Category B - Tidal river mouths

Elongated basins of simple shape and several to ten metres depth.

Elongated basins of simple shape and several to ten metres depth.

The majority of the estuarine area is subtidal - the estuary bed is still below water at low tide.

Most of the water entering the basin during any tidal cycle comes from river flow, rather than from tidal water coming in from the ocean. As a result, the movement of the estuary's water is dominated by river flow; there is a net export of water to the ocean and, as a consequence, the estuary is well-flushed.

On shorelines where there is littoral drift – the movement of sand and gravel along the shore due to wave driven currents –small sand bars or shoals form on the ocean side of the estuary entrance.
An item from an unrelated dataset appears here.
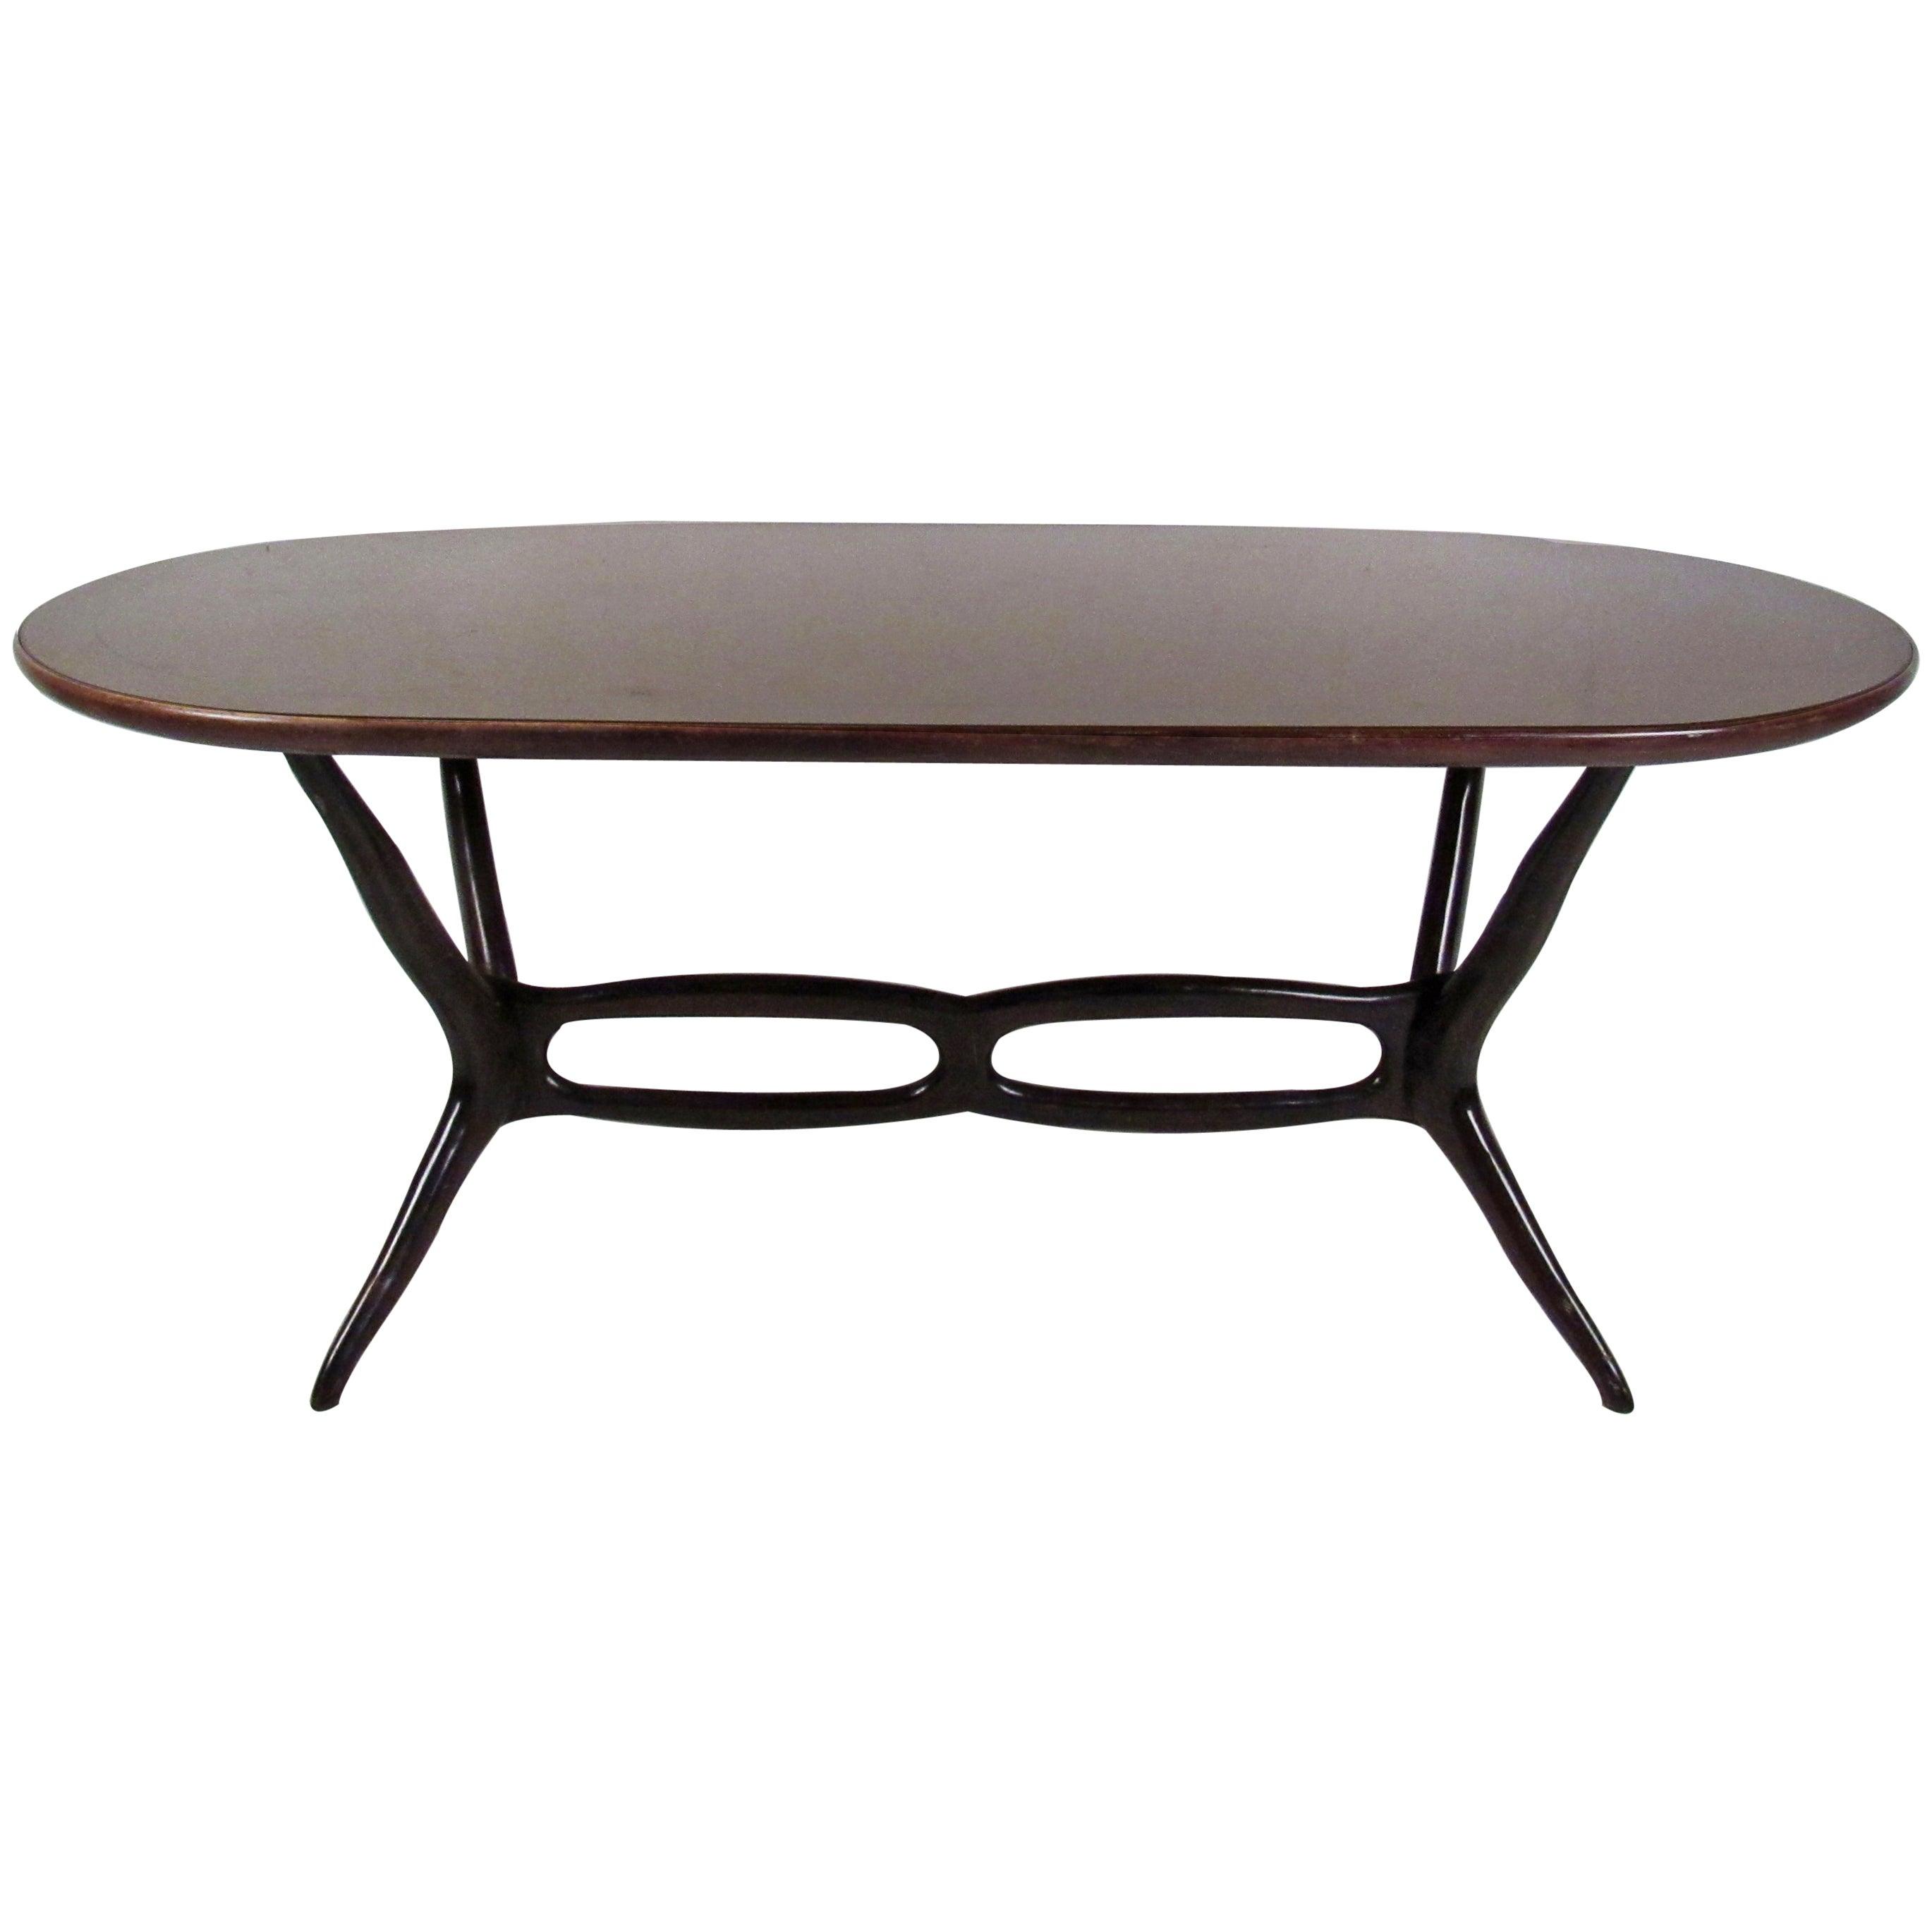 Italian Modern Rosewood Dining Table
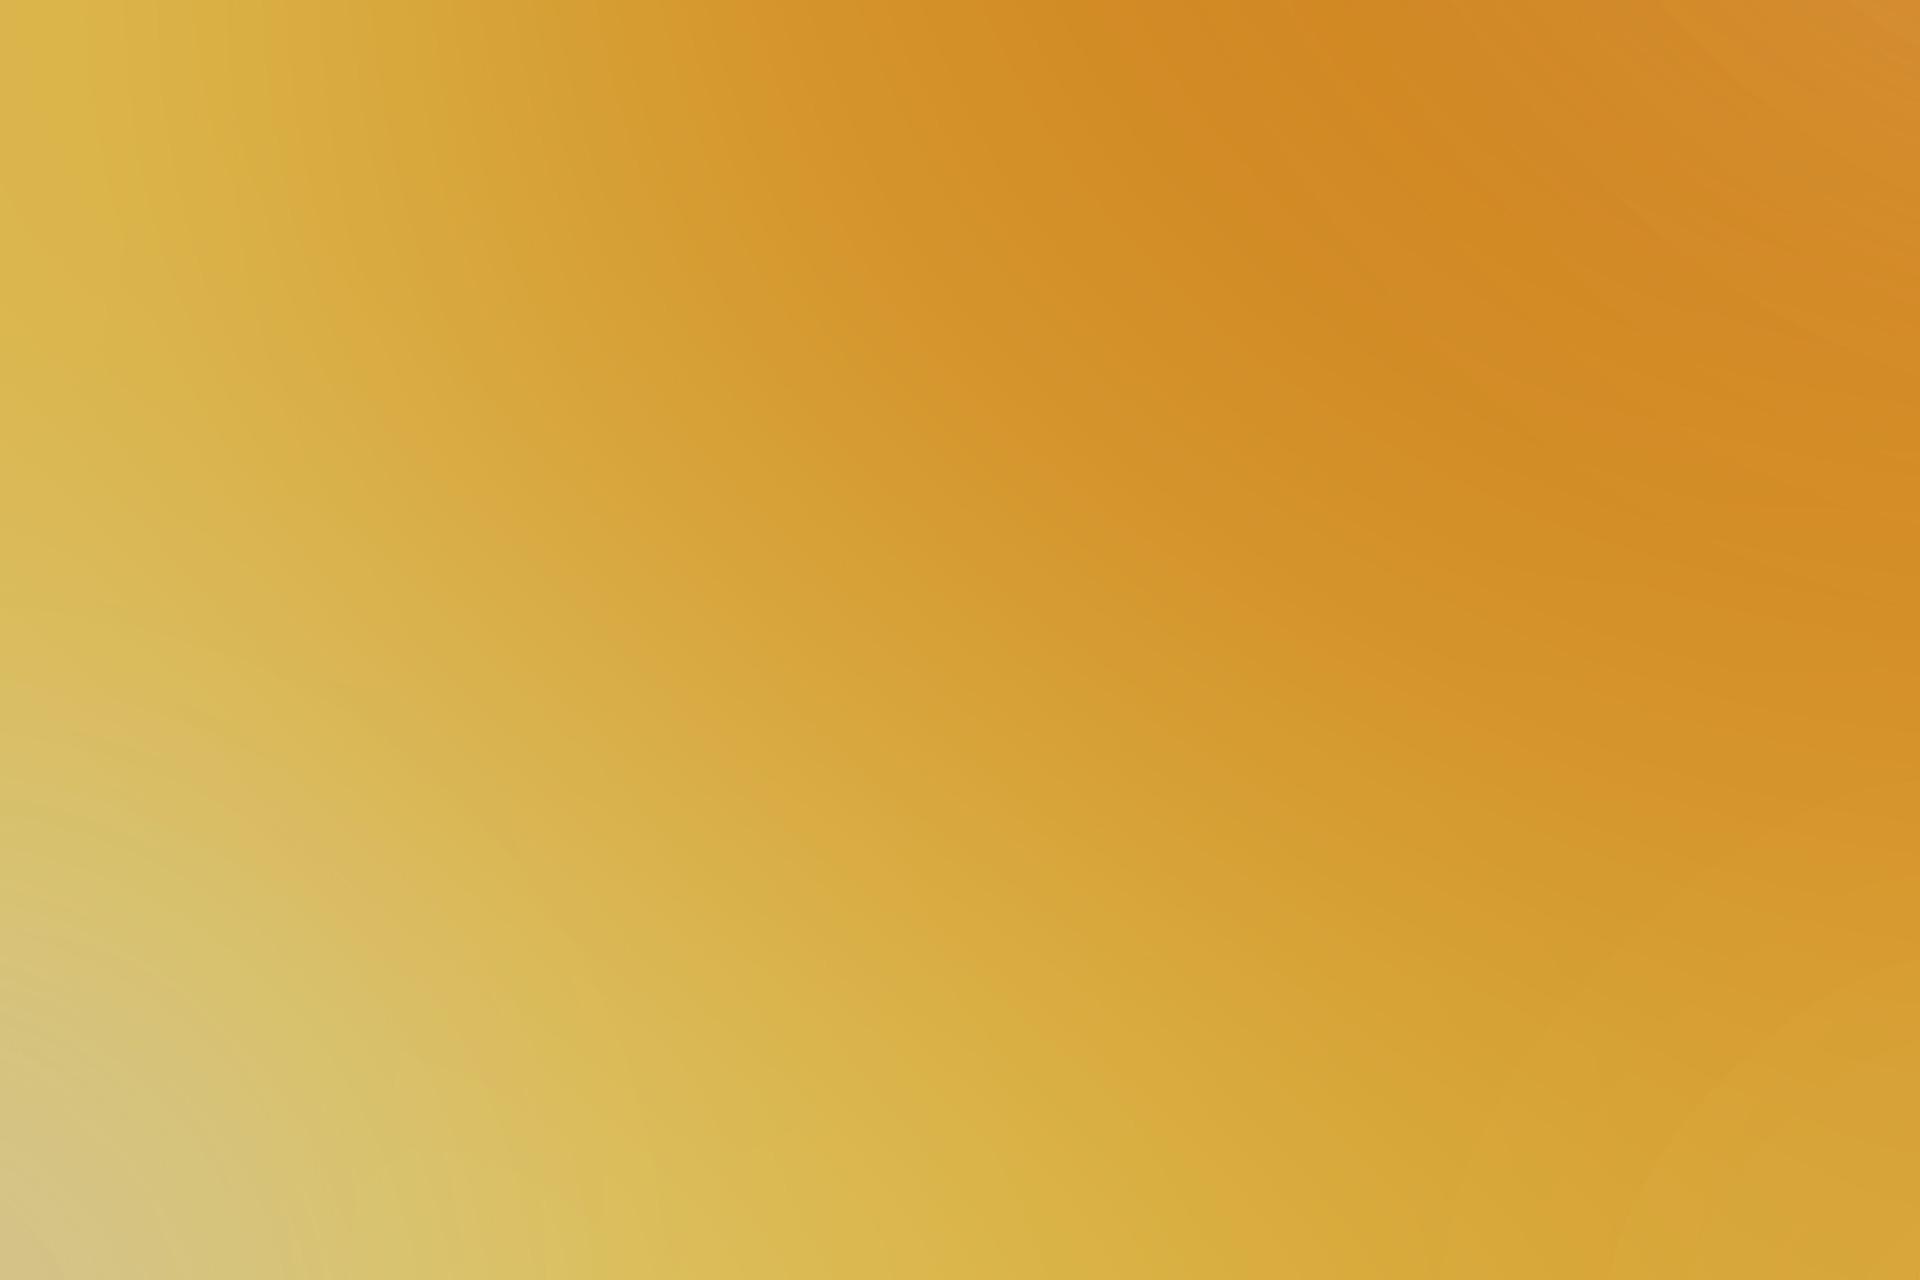 gold-1188347_1920.jpg

In deeper systems, a circulation pattern can develop where fresh water flowing out into the ocean is balanced by seawater flowing into the estuary beneath the fresh water. This can result in a salt wedge developing, where there is a sharp boundary between the fresher water and the wedged-shaped salty layer beneath it.

On coastal plains where there is a low gradient, seawater can travel a considerable distance up the estuary. Large river floods can in turn temporarily expel most of the estuary's seawater.

Two-dimensional mixing due to wind, and the resuspension of bottom sediment by wind waves, are both minor in this type of estuary because the length of water over which wind can blow (called 'wind fetch') is short and the and waves generated are small, and the depths too large, for there to be much stress put onto the estuary bed. As a result, bottom sediments tend to be muddy.

Category B estuaries are representative of features commonly called tidal river mouths.